The emergence of the New Spirituality in the West has focussed educated attention on the healing and nature-working abilities which are inherent in all of us.
Dr Leslie Gray, executive director and founder of the Woodfish Institute, is a Native American shaman and a university lecturer in anthropology and research methodology. Based in San Francisco (USA), she has studied with medicine people and elders from various tribal backgrounds.
She advocates a new vision of health care: the integration of ancient healing and modern medicine. And she consults with individuals and organizations on the practice of ecopsychology.
Leslie Gray is a bridge person. She links two cultures, ancient and modern. And like all shamans, she links two dimensions. She travels in full waking consciousness from the physical world to the spiritual world and back. Her work in shamanic healing requires this.
Controlled transdimensional travelling enables the shaman to access powerful spirit-healing technologies and powerful spirit-healing people. Some of these may be highly evolved animal-people of a kind known as power animals in traditional cultures.
All human beings have the innate ability to develop safe, conscious, transdimensional travelling abilities. And all human beings have the innate ability to become spiritual healers. Children, in particular, find these shamanic processes natural and easy.
The shamanic journey involves entering an altered or non-ordinary state of consciousness, usually with the help of sonic driving: a repetitive, monotonous drumming, rattling or changing of body postures. These create what Gray calls "trance-portation."
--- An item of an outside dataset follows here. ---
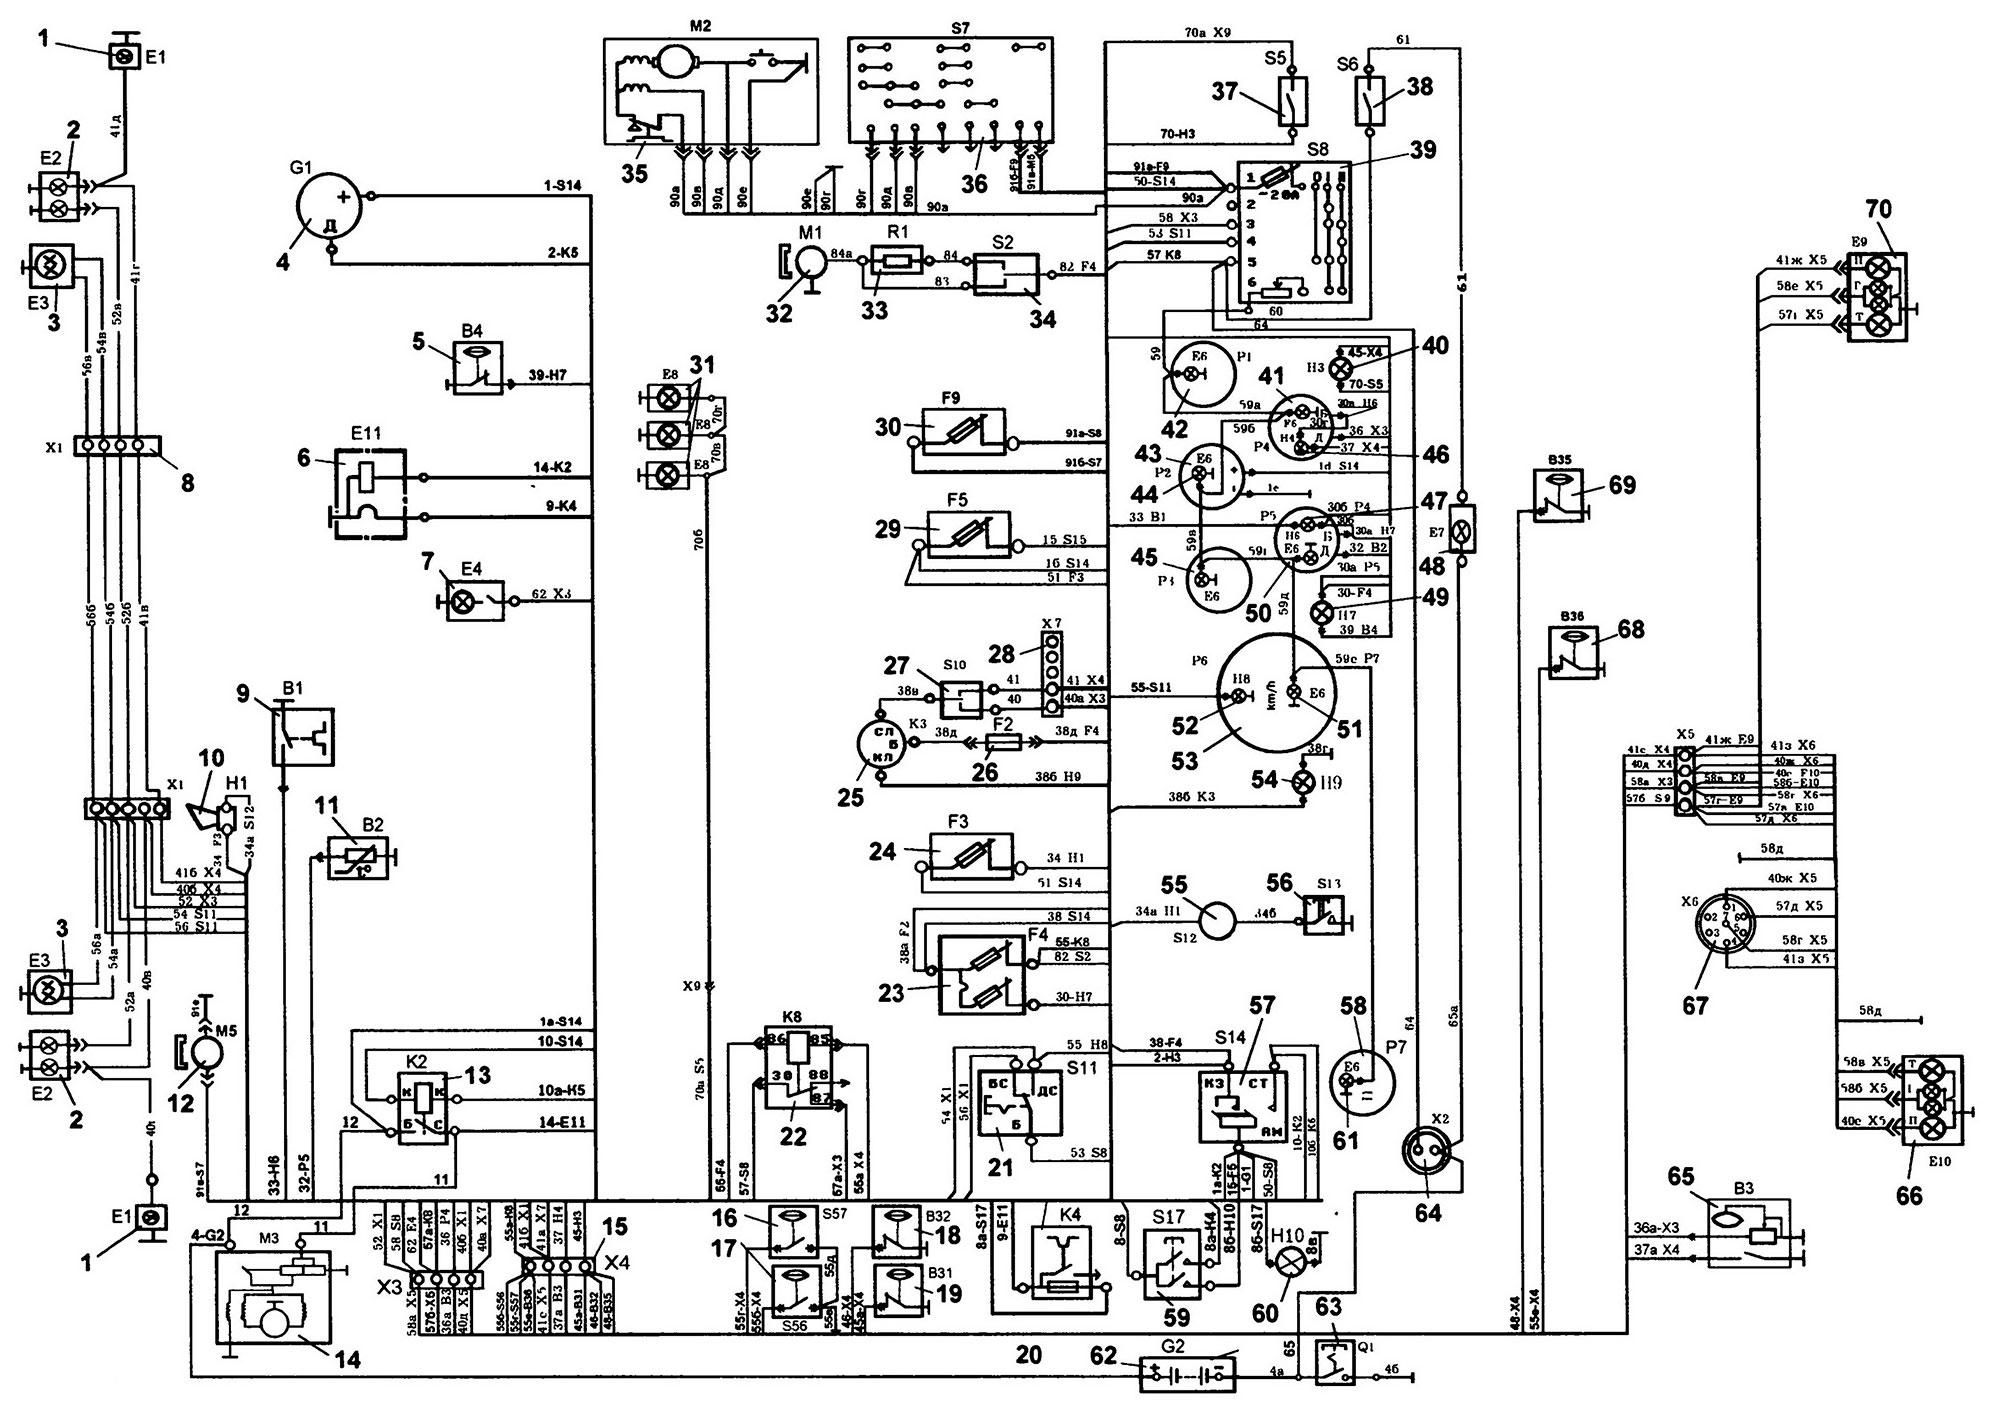 Схема электропроводки и электроники З�Л-431900

The work of shamans is the business of travelling either to the upper world to bring back down power, information or healing, or to the lower world to bring back up personal empowerment for living here in the middle, physical world.
Most shamans view the universe as composed of these three realms. The upper world tends to be the land of the ancestors, the middle world that of ordinary consciousness, and the lower world the place of power animals.
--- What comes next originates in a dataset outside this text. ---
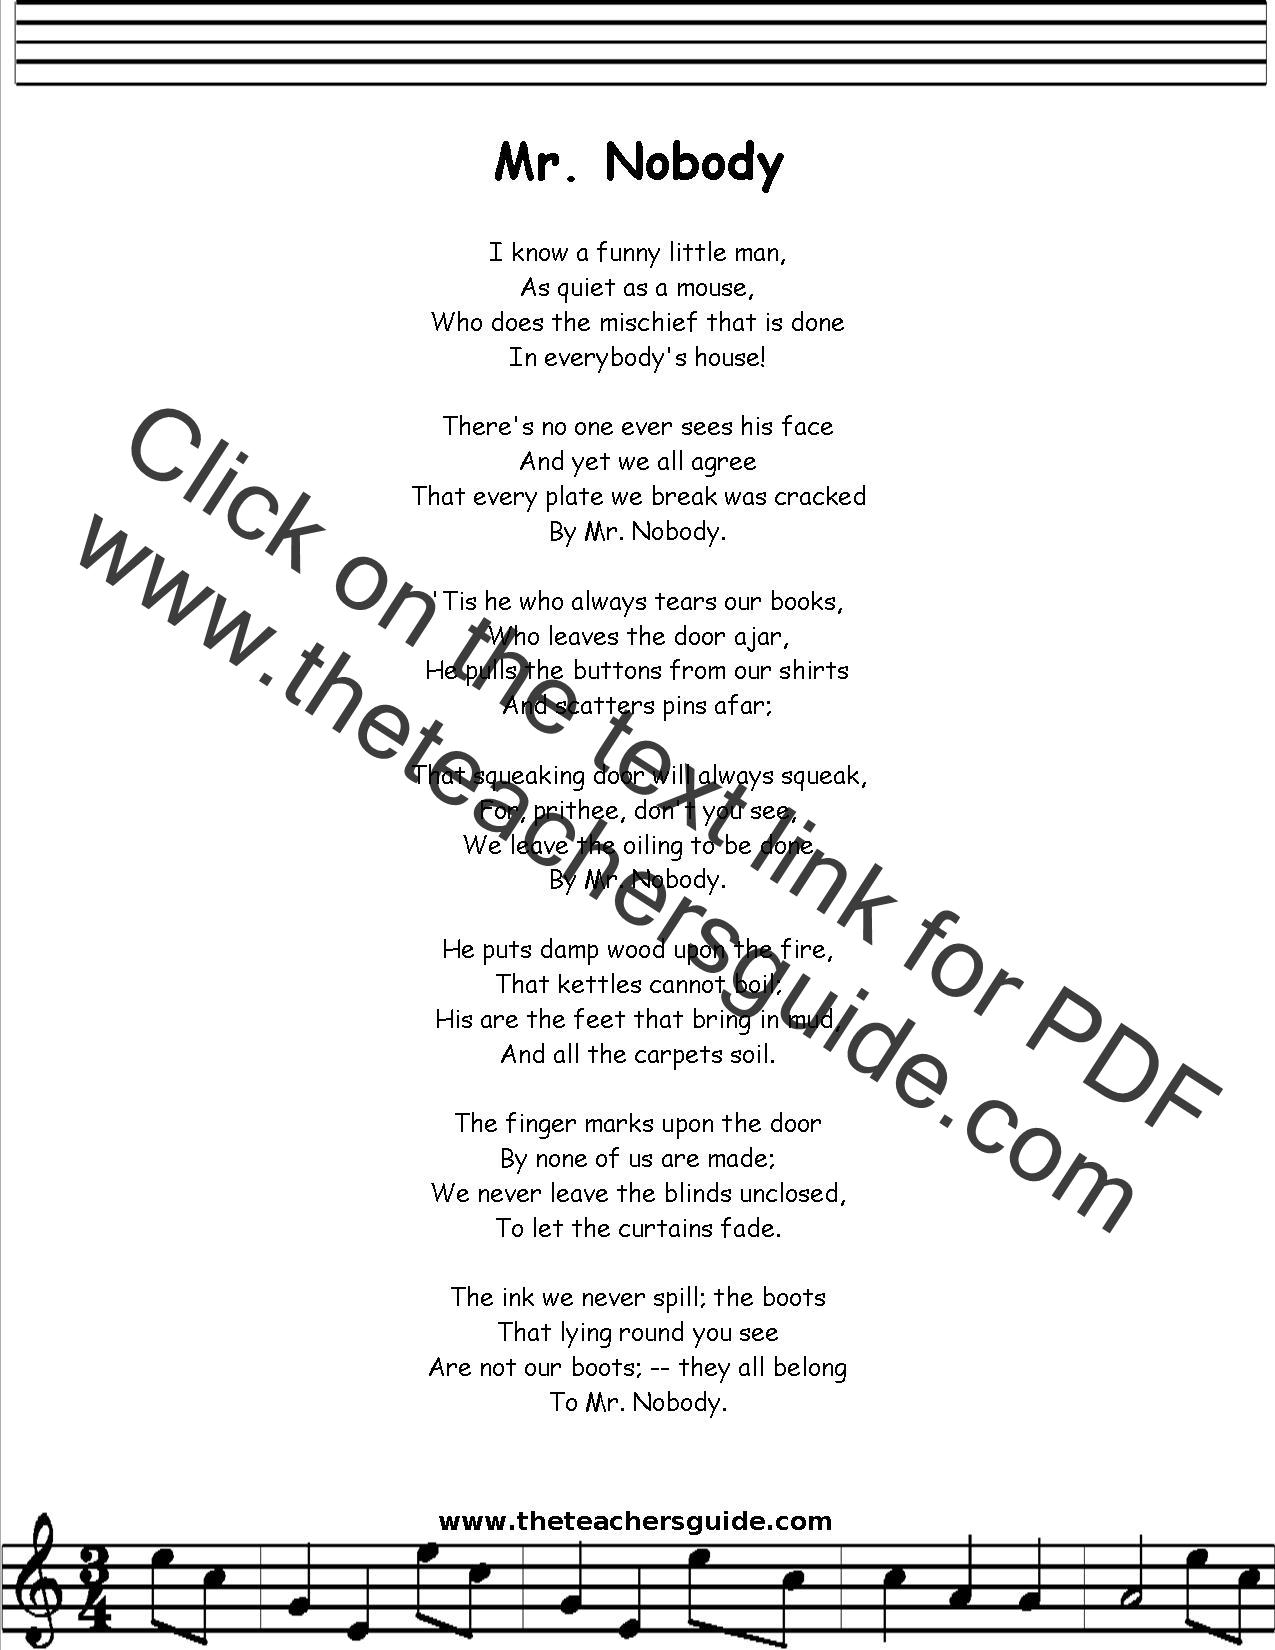 Mr Nobody Lyrics Printout Midi And Video I just can't move my. mr nobody lyrics printout midi and video

The shamanic journey begins with the traveller finding an opening to another realm of consciousness. While in some cultures people literally dig a hole in the floor to provide this entrance, in others they regard the opening as a phenomenon within the shaman's consciousness.
The nature of this opening is highly individual. Leslie Gray invites people to think of an opening into the earth from ordinary reality, to enter that opening, go down a tunnel and come out the other side; and from there, to explore the lower world. As people become more proficient at doing this, they begin to encounter allies in that lower world. And they use information gained from communing with these allies to help themselves or others back up here in the physical, middle world.
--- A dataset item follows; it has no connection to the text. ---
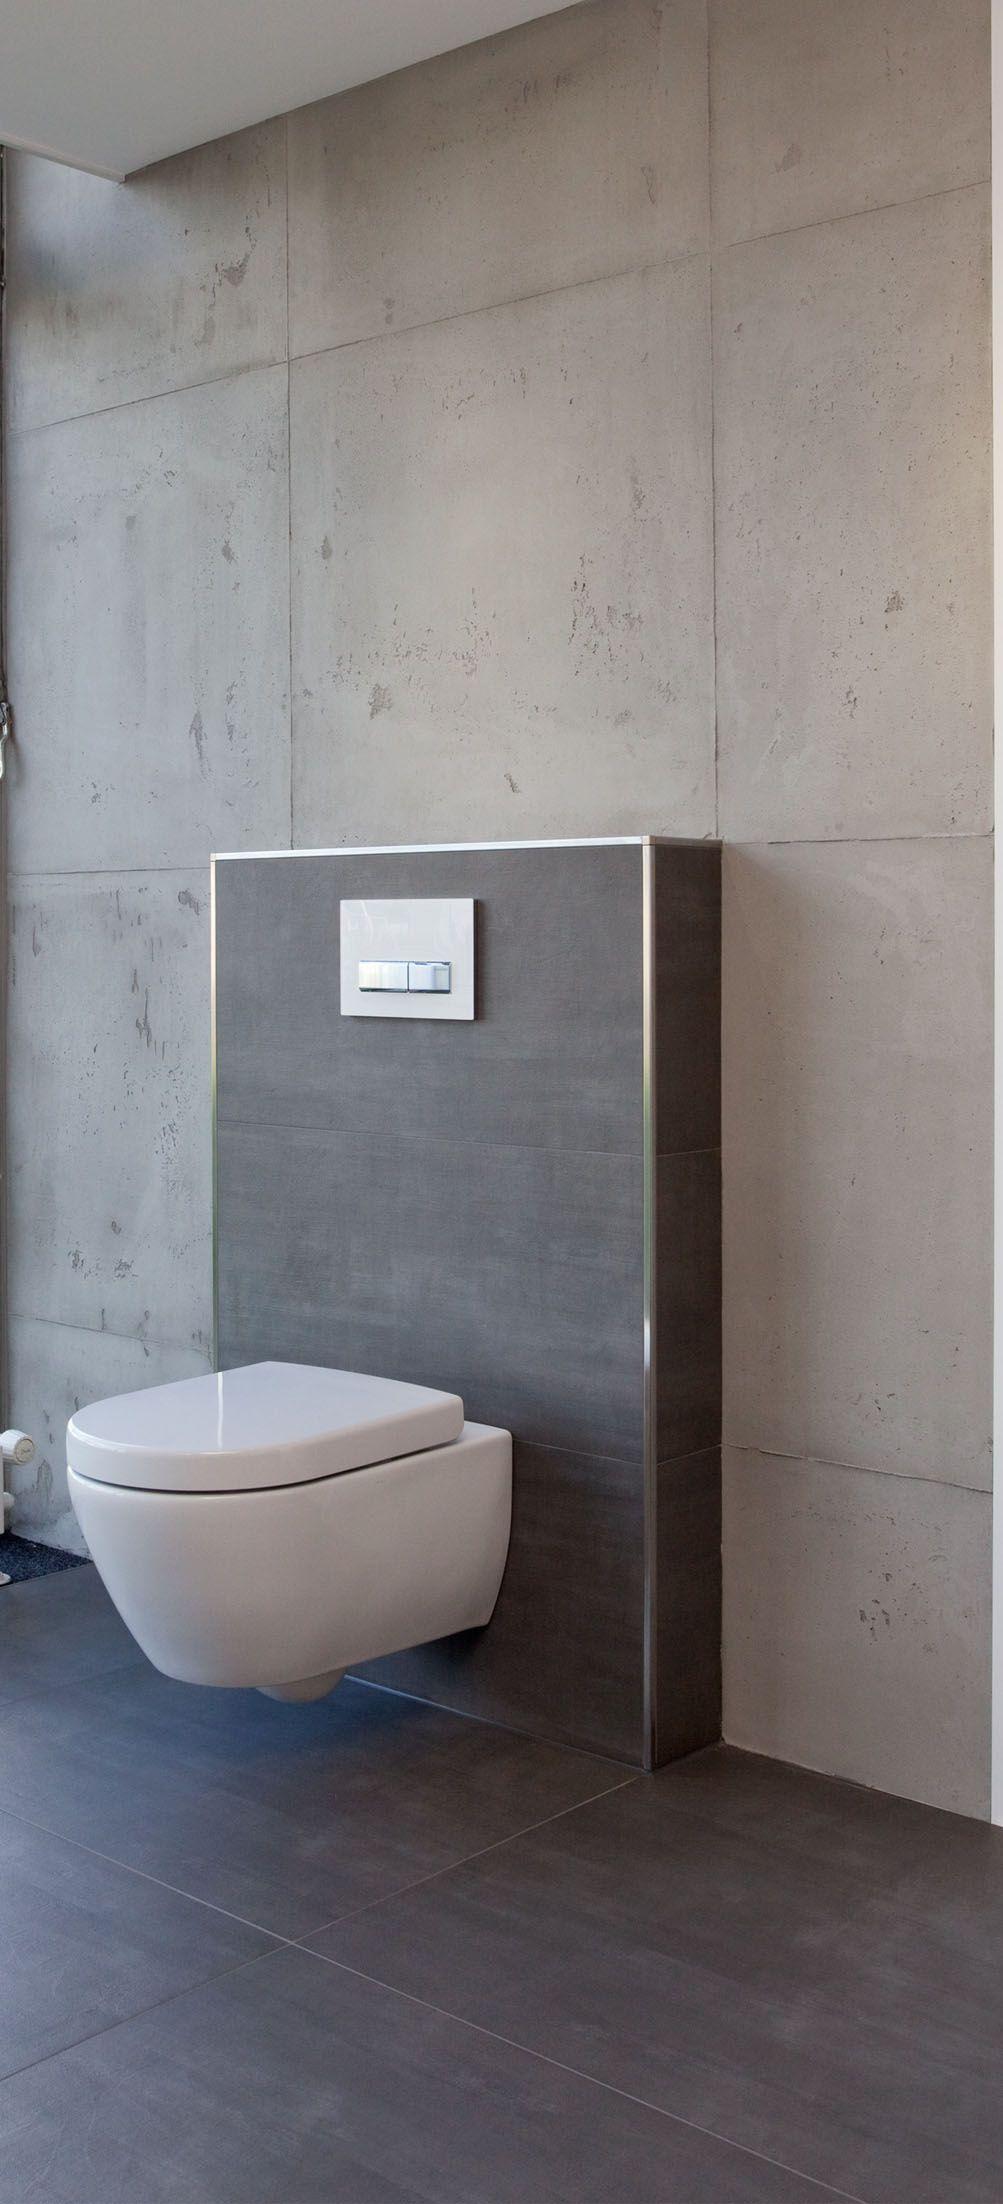 Badezimmer design neu fliesen in betonoptik kombiniert mit gespachteltem beton made by fr

Traveling to the upper world is similar. The only difference is that you choose an opening that will take you up rather than down, such as a whirlwind, a hollow tree trunk, or a fireplace and chimney. Whatever comes to you as your personal opening is what you use.
One thing which Leslie Gray refuses to do is to tell people what they can expect to find in their travels. "Part of what is empowering to them," she says, "is developing their own maps. For me to develop a map for them would be the very opposite of personal empowerment and would make them dependent on my worldview - not just of this world, but of all the worlds. At the core of the process of acquiring power in shamanism is the ability to find things out for yourself, to know what the upper and lower worlds are like."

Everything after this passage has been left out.